Когда поезд тронулся, увозя их к берегу Ладожского озера, мать прижала к себе сыновей и беззвучно запла­кала. Кто-то зажег свечу; колеблющийся свет выхваты­вал из темноты неуклюжие, завернутые в платки и одеяла фигуры. Припав всем телом к матери, Николай робко поглядывал на нее. Снизу ему видна была только ее щека, будто срезанная теплой шалью. По щеке кати­лись слезинки, поблескивая в скудном свете. Николай вспомнил отцовское завещание: «Детей сбереги, То­ня...» — и понял, что отец не надеется выжить и что сегодня они видели отца, быть может, в последний раз.
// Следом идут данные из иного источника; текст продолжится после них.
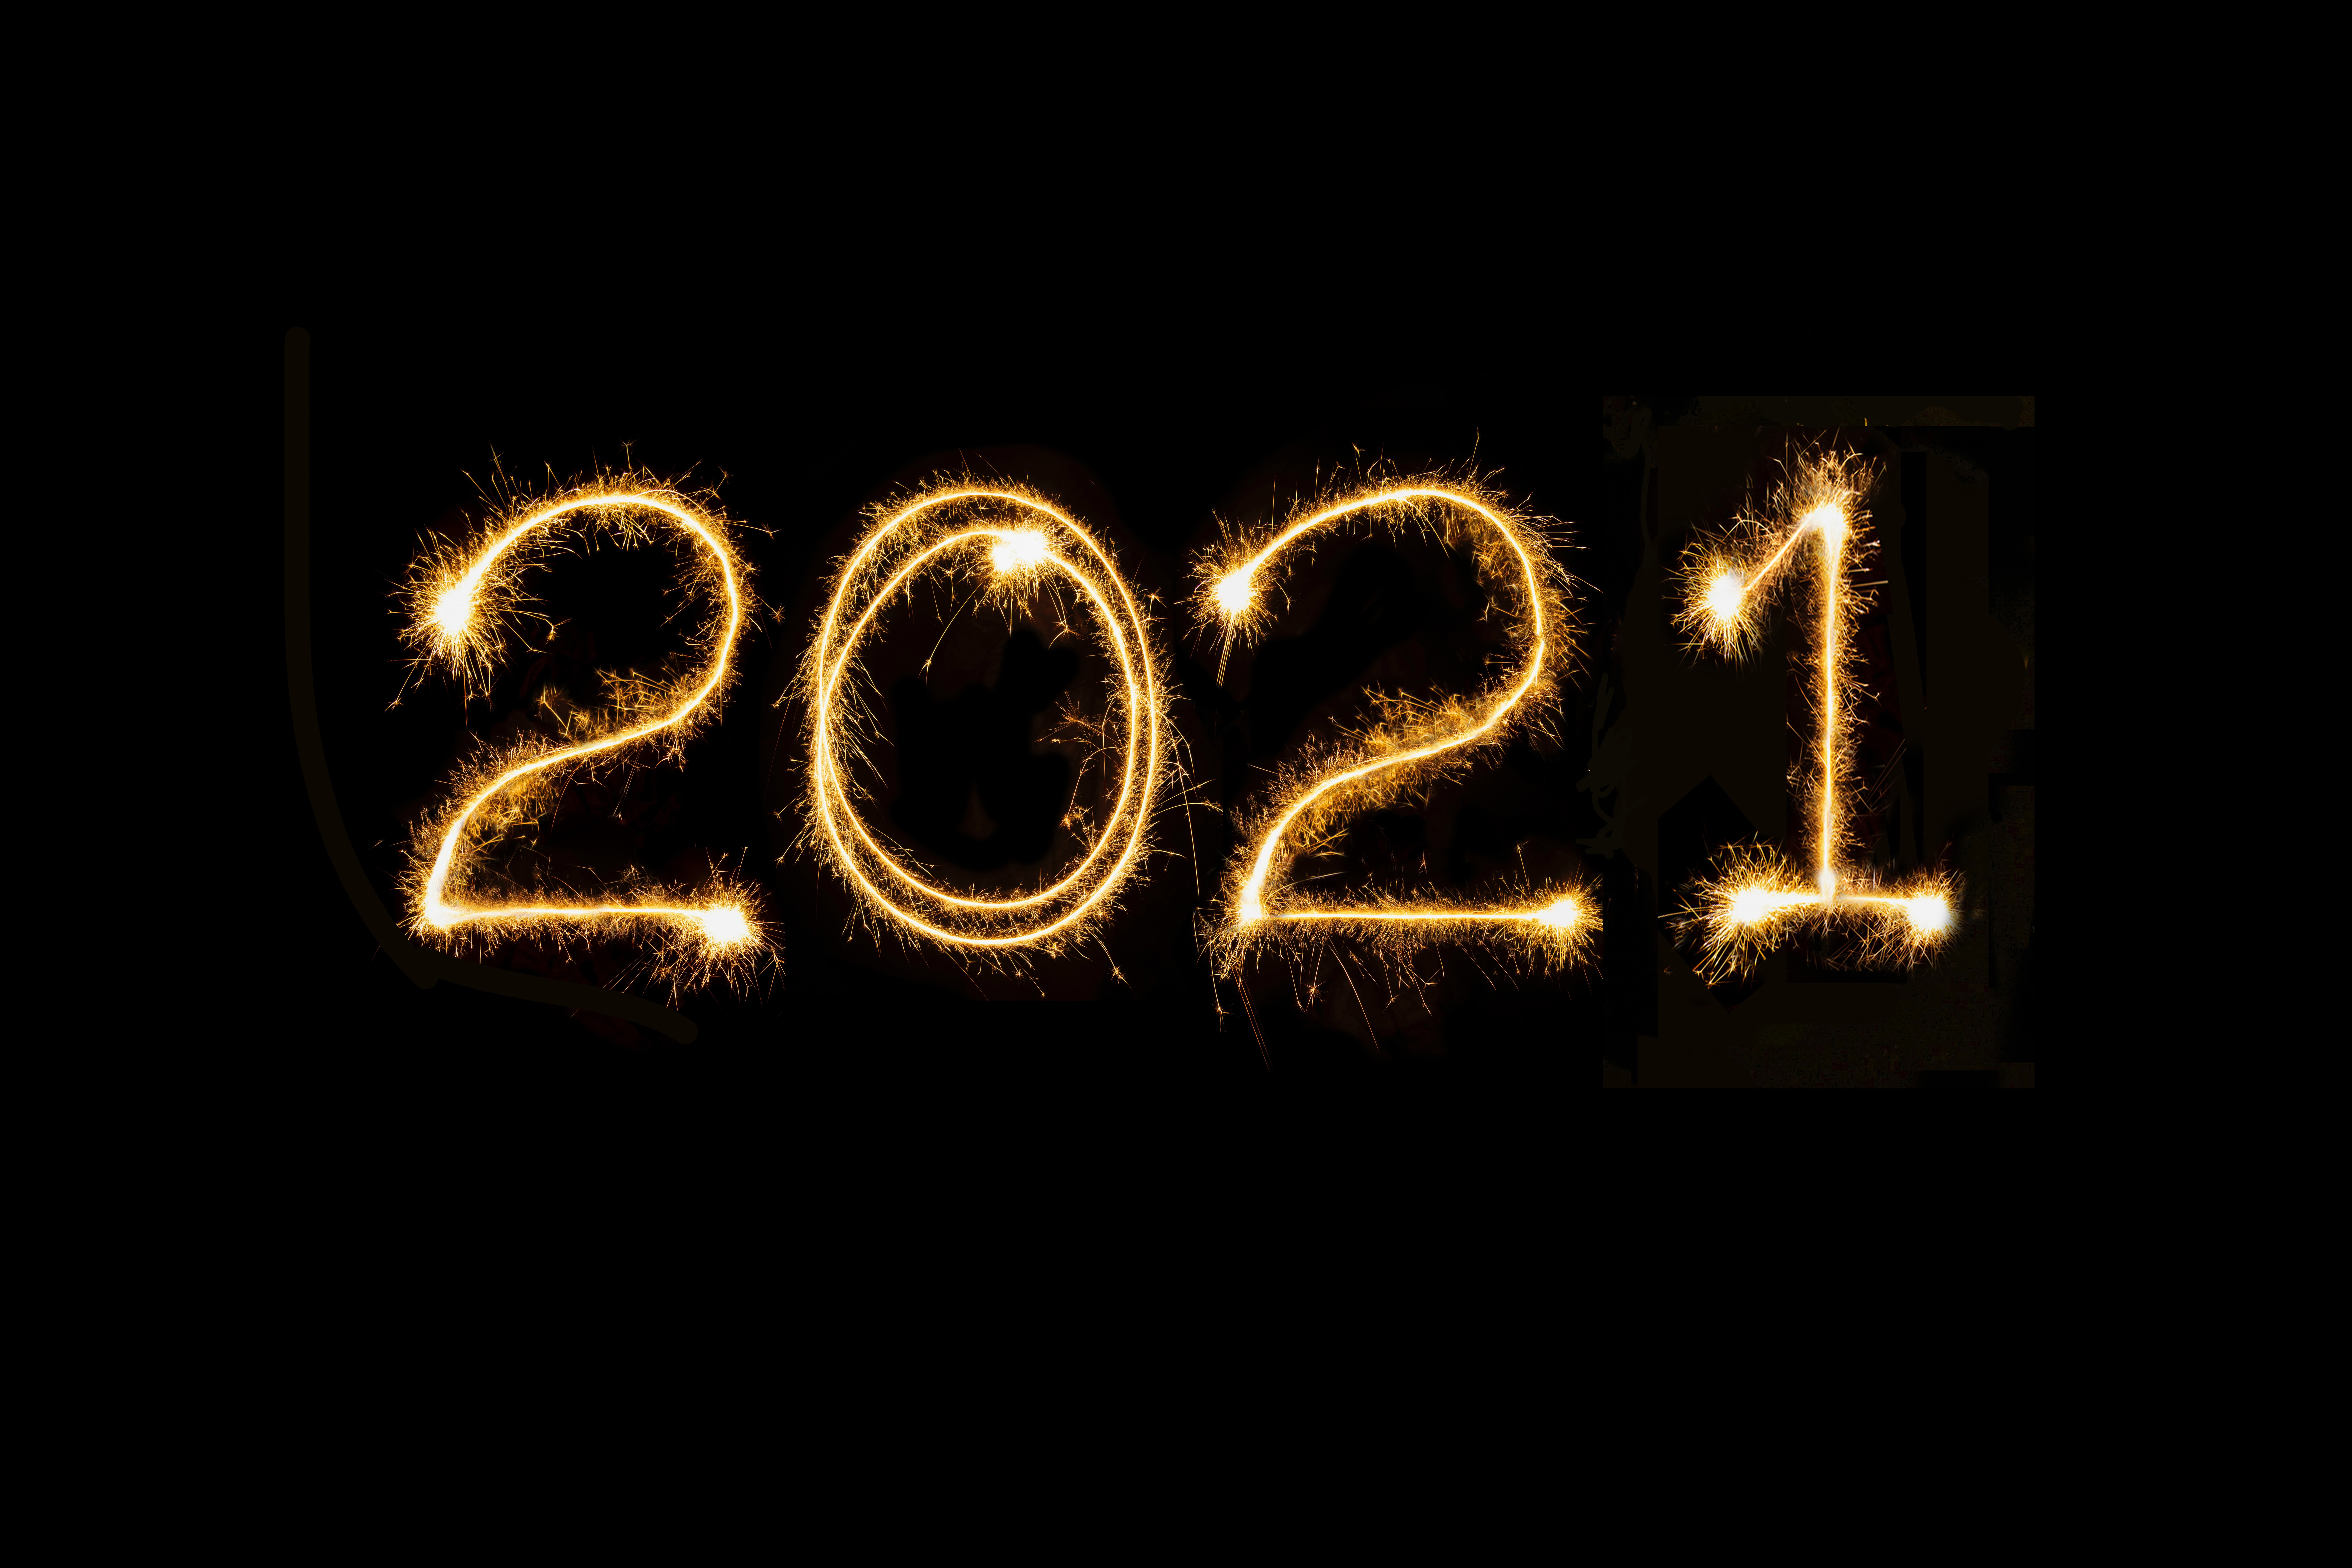 Previsões para 2021: imagem do ano escrito com faíscas sob fundo preto

В Ярославской области жизнь у мальчиков пошла своим чередом: сперва отъедались, поправлялись, потом учились. Только позднее понял Николай, как трудно приходилось матери: еще темно, а она вскочит, бежит на рынок, потом что-то наспех сварит, торопливо на­кормит сыновей — и в мастерскую до вечера. По вече­рам мать ходила к поездам, привозившим эвакуирован­ных от Ладожского озера, искала знакомых, всех рас­спрашивала: как там? Что? Цел ли завод?.. Писем от отца все не было и не было.

К концу лета пришло письмо — бодрое, ласковое, полное уверенности в победе. В нем была строчка, обра­щенная к сыновьям: «Дорогие мальчики, берегите ма­му, вы уже большие, помогайте маме, как помог бы я». Тогда-то и задумался Николай, как взрослый человек, и твердо принял на себя все домашние работы. Покрики­вал на Витьку: «Вымой посуду, чего сидишь? Скинь са­поги, чего зря топчешь, босиком бегай». Следил, чтобы мать не обделяла себя едой. И все приглядывался к ней с тревогой: дышит она так, будто воздуха не хватает. А присядет без дела — и взгляд упирается куда-то в пустоту, без мысли, без выражения...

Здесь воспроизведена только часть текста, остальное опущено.